Hoh Celine, Salzberg Steven L
Department of Computer Science, Johns Hopkins University, Baltimore, MD 21218, USA.
Center for Computational Biology, Johns Hopkins University, Baltimore, MD 21211, USA.
bioRxiv. 2024 May 4:2024.05.02.592247. doi: 10.1101/2024.05.02.592247.
The rapid growth in the number of sequenced genomes makes it possible to search for the appearance of entirely new introns in the human lineage. In this study, we compared the genomic sequences for 19,120 human protein-coding genes to a collection of 3493 vertebrate genomes, mapping the patterns of intron alignments onto a phylogenetic tree. This mapping allowed us to trace many intron gain events to precise locations in the tree, corresponding to distinct points in evolutionary history. We discovered 584 intron gain events, all of them relatively recent, in 514 distinct human genes. Among these events, we explored the hypothesis that intronization was the mechanism responsible for intron gain.
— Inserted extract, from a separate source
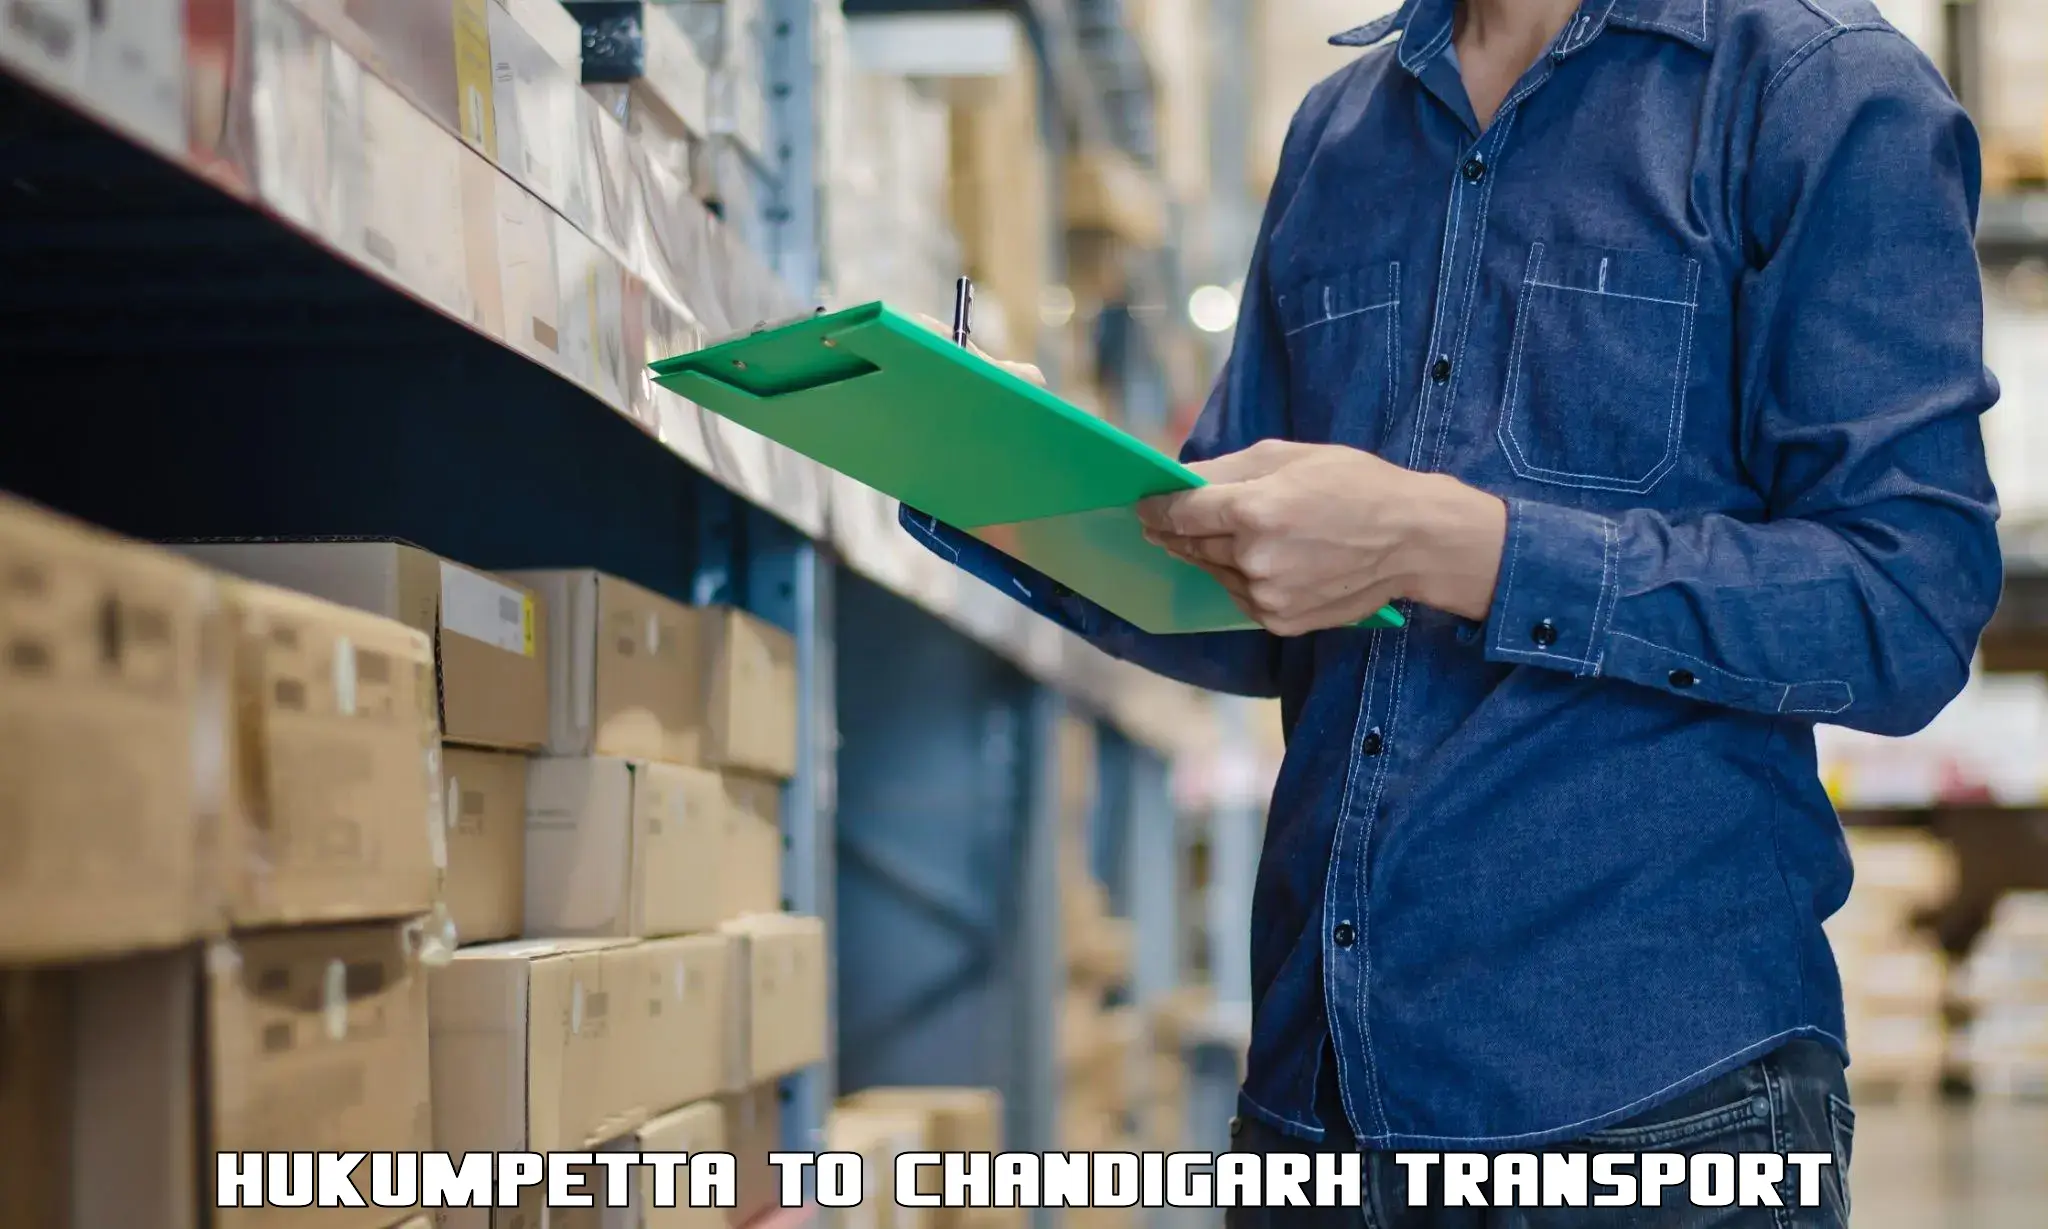 Two wheeler parcel service Hukumpetta to Chandigarh

Intronization events were identified by locating instances where human introns correspond to exonic sequences in homologous vertebrate genes. Although apparently rare, we found three compelling cases of intronization, and for each of those we compared the human protein sequence and structure to homologous genes that lack the introns.
已测序基因组数量的快速增长使得在人类谱系中寻找全新内含子的出现成为可能。在本研究中,我们将19120个人类蛋白质编码基因的基因组序列与3493个脊椎动物基因组的集合进行了比较,将内含子比对模式映射到系统发育树上。这种映射使我们能够将许多内含子获得事件追溯到树中的精确位置,这些位置对应于进化历史中的不同点。我们在514个不同的人类基因中发现了584个内含子获得事件,所有这些事件都相对较新。在这些事件中,我们探讨了内含子化是导致内含子获得的机制这一假设。通过定位人类内含子与同源脊椎动物基因外显子序列相对应的实例来识别内含子化事件。尽管显然很罕见,但我们发现了三个令人信服的内含子化案例,并且对于其中每一个案例,我们都将人类蛋白质序列和结构与缺乏该内含子的同源基因进行了比较。